The Atomic Theory, introduced on a scientific basis by John Dalton in 1806, revolutionized the way that humans thought about matter in the universe.  It created a view of matter that was elegant in its simplicity - all of the changes that take place around us every day are simply due to rearrangements of nature's fundamental building blocks, which we call atoms



There are a limited number of different types of atoms (92 that occur in nature), from which all of the millions of substances around us are "built."  Each different type of atom (called an element) is represented by a unique symbol.  One interesting fact is that John Dalton himself (who was a bit idiosyncratic) wished to use pictorial symbols for the elements, using pictures that he thought represented some aspect of the chemical or physical behavior of that particular element.  He was overruled in favor of using various combinations of letters as the elemental symbols (less creative perhaps, but a lot faster to write and more consistent from one person to the next).  A list of the names and symbols of all of the known elements is provided just inside the front cover of the textbook.

Examples:          H     Hydrogen             O     Oxygen             He    Helium             Na     Sodium

It is important to note that some of the elements are represented by 2-letter symbols (e.g., He).  In these cases, only the first letter of the symbol is capitalized.  This allows one to distinguish between things such as Co (the element cobalt) versus CO (a compound consisting of the two elements carbon and oxygen).  Also, note that some elements have symbols that don't seem to correspond to their names (such as Na for sodium).  This is because these elements have been known for quite a long time, and the symbol usually corresponds to an earlier name in another language, often Latin or Greek (for example, sodium is still known in many countries by its earlier Latin name, natrium).

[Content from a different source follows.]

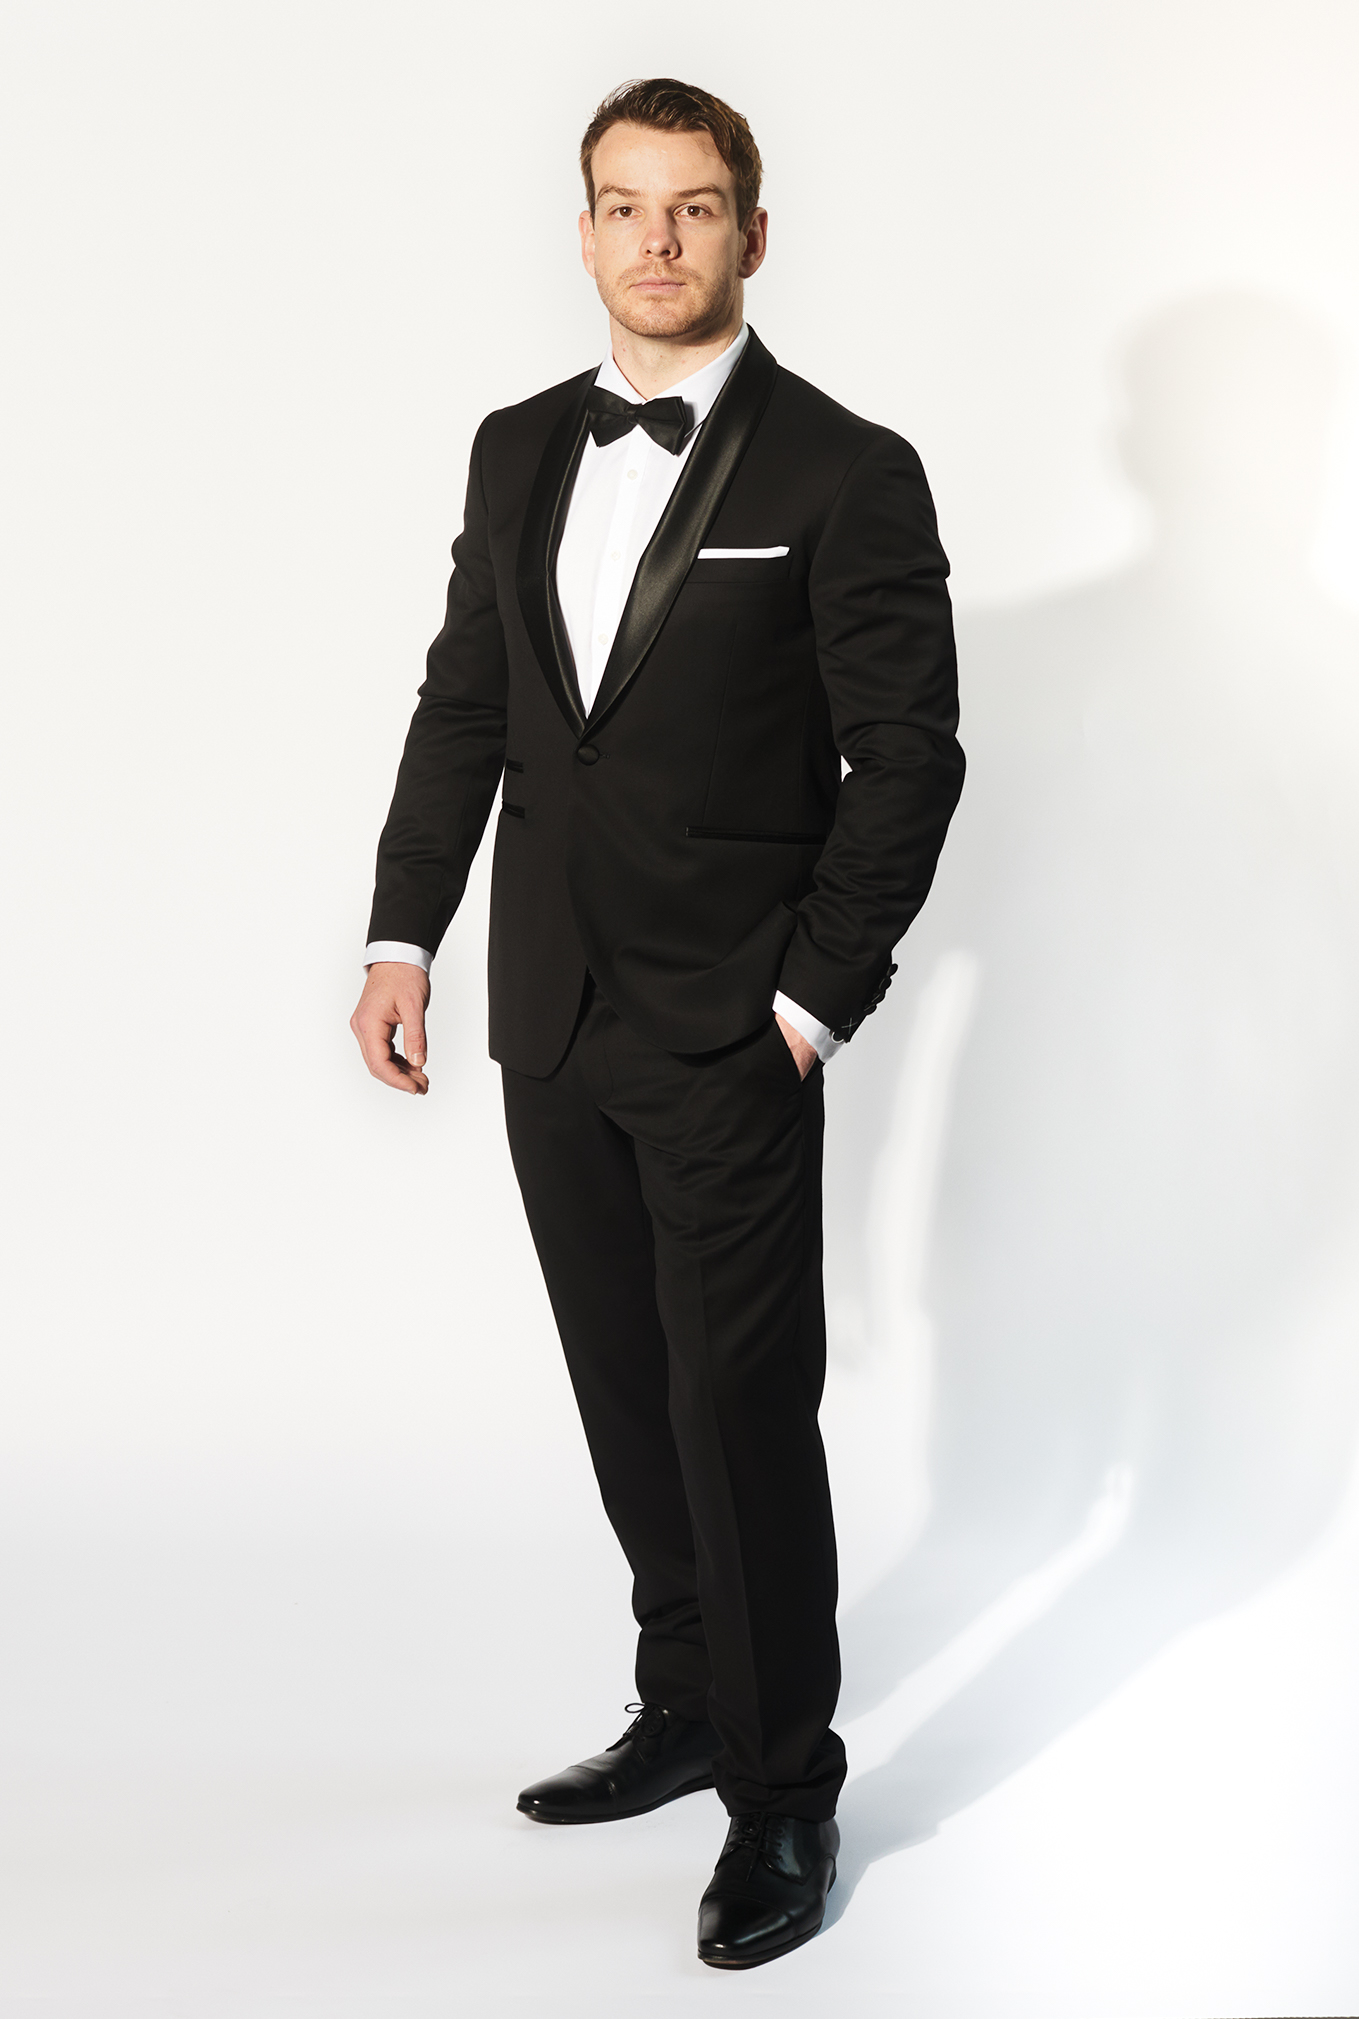 black suit and trousers for hire from brittons formal wear

The term element can be used in two different ways, which can at times be confusing.  The term can be used to describe the type of atom (e.g., water is a compound composed of the elements hydrogen and oxygen).  However, it can also be used to describe a substance that is composed of only one type of atom (e.g., air is a mixture of the elements nitrogen and oxygen).  These two statements imply very different things from an atomic perspective, as illustrated below.

Water molecules with two hydrogen atoms and one oxygen atom.  Mixture of nitrogen and oxygen molecules.  Each molecule has two atoms.

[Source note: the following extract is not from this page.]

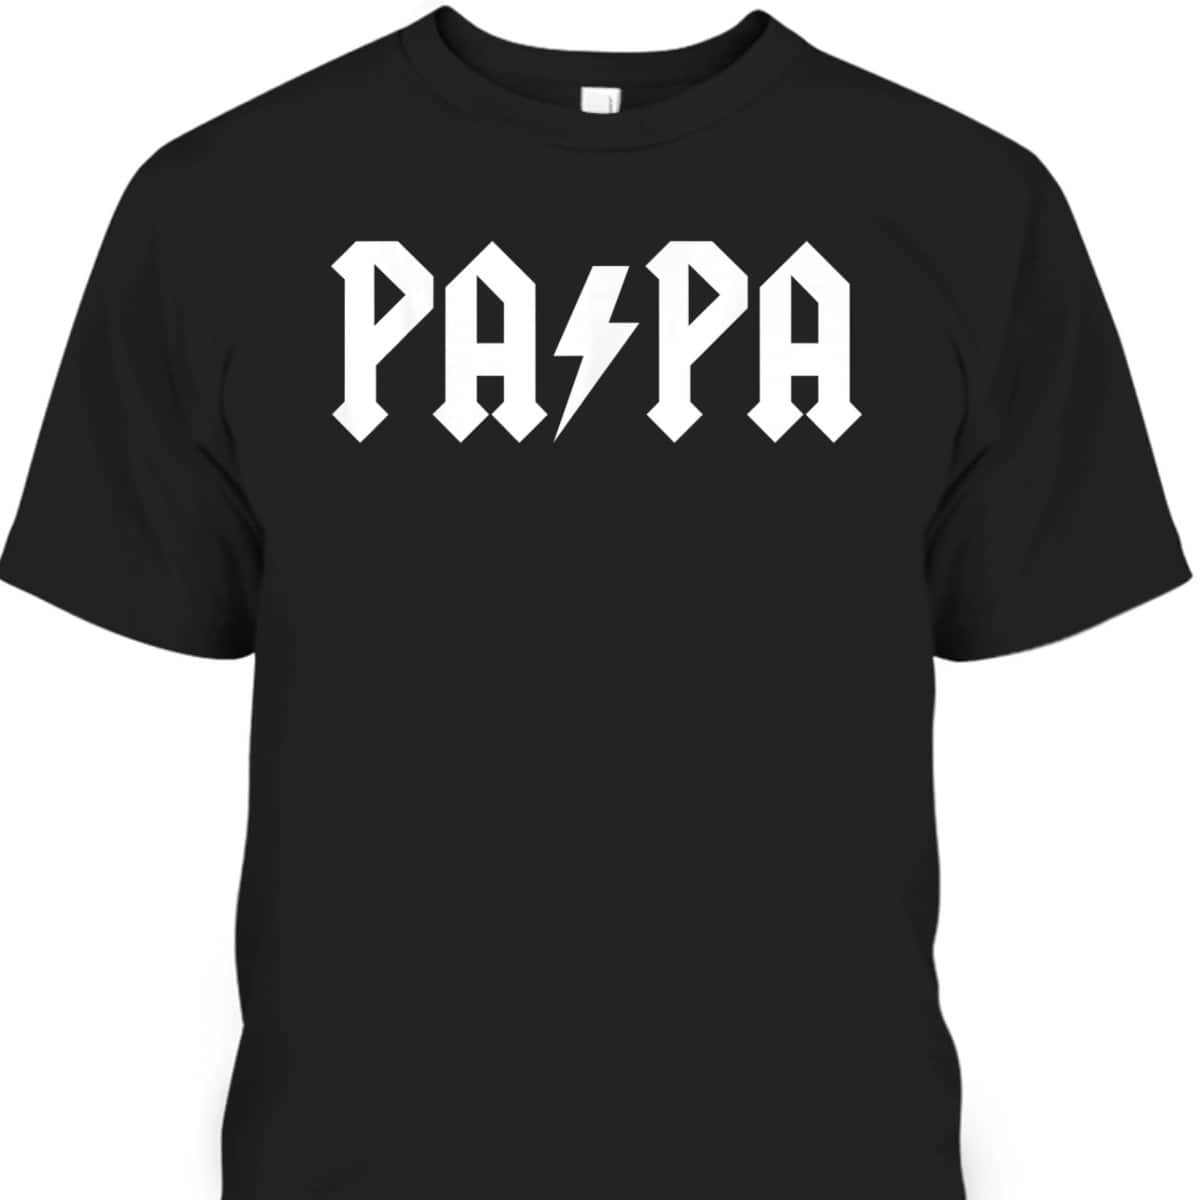 Papa Father's Day T-Shirt Best Gift For Dad From Daughter

As we can see, water is a single pure substance--it consists of only one type of molecule.  Each of these molecules consists of 2 hydrogen atoms and 1 oxygen atom.  Because water is composed of more than one type of atom, it is called a compound.  Air, on the other hand, is a mixture--it consists of two different types of molecules (i.e., two different substances).  Each substance (each molecule) is an element, because it consists of only one type of atom.  Note that nitrogen and oxygen both exist as what we call diatomic (meaning 2 atoms) molecules.  Other diatomic elements are hydrogen, fluorine, chlorine, bromine, and iodine.

One important implication of this is that if the compound water is split into its two elements hydrogen (H2) and oxygen (O2), it always results in twice as much hydrogen as oxygen.  (Note, by the way, that this is a chemical change.)  If, on the other hand, air is separated into its constituent substances nitrogen (N2) and oxygen (O2), we would usually get about 21% oxygen, but we could get less (for example, if the air is from someone's exhaled breath) or more (for example, if the air is from an 'oxygen bar').  There is no specific ratio of nitrogen to oxygen required for a mixture of these two gases.  The same is true for a mixture of salt and water (or for any mixture).


Chemists use a system of symbolic notation that allows them to communicate about the chemical identity and behavior of matter in a very efficient manner.  In addition to incorporating the elemental symbols discussed earlier, the system also makes use of numbers in two different ways, as indicated below.

hydrogen molecule, H2 and water molecule, H2O

Subscripts are used to indicate the number of each type of atom in a molecule.  For example, hydrogen (H2) molecules consist of 2 hydrogen atoms.  Water (H2O) molecules each consist of 2 hydrogen atoms and 1 oxygen atom (note that if no subscript is written, a 1 is implied).

3 water molecules, 3 H2O

Coefficients, which are written in front of the chemical formula of a substance, are used to indicate the number of molecules.  For example, 3 H2O indicates the presence of 3 water molecules.  Note that to determine the number of each type of atom in the collection of molecules, one need only multiply the coefficient and the subscript.  In other words, in
3 H2O there are 3 x 2 = 6 hydrogen atoms, and 3 x 1 = 3 oxygen atoms.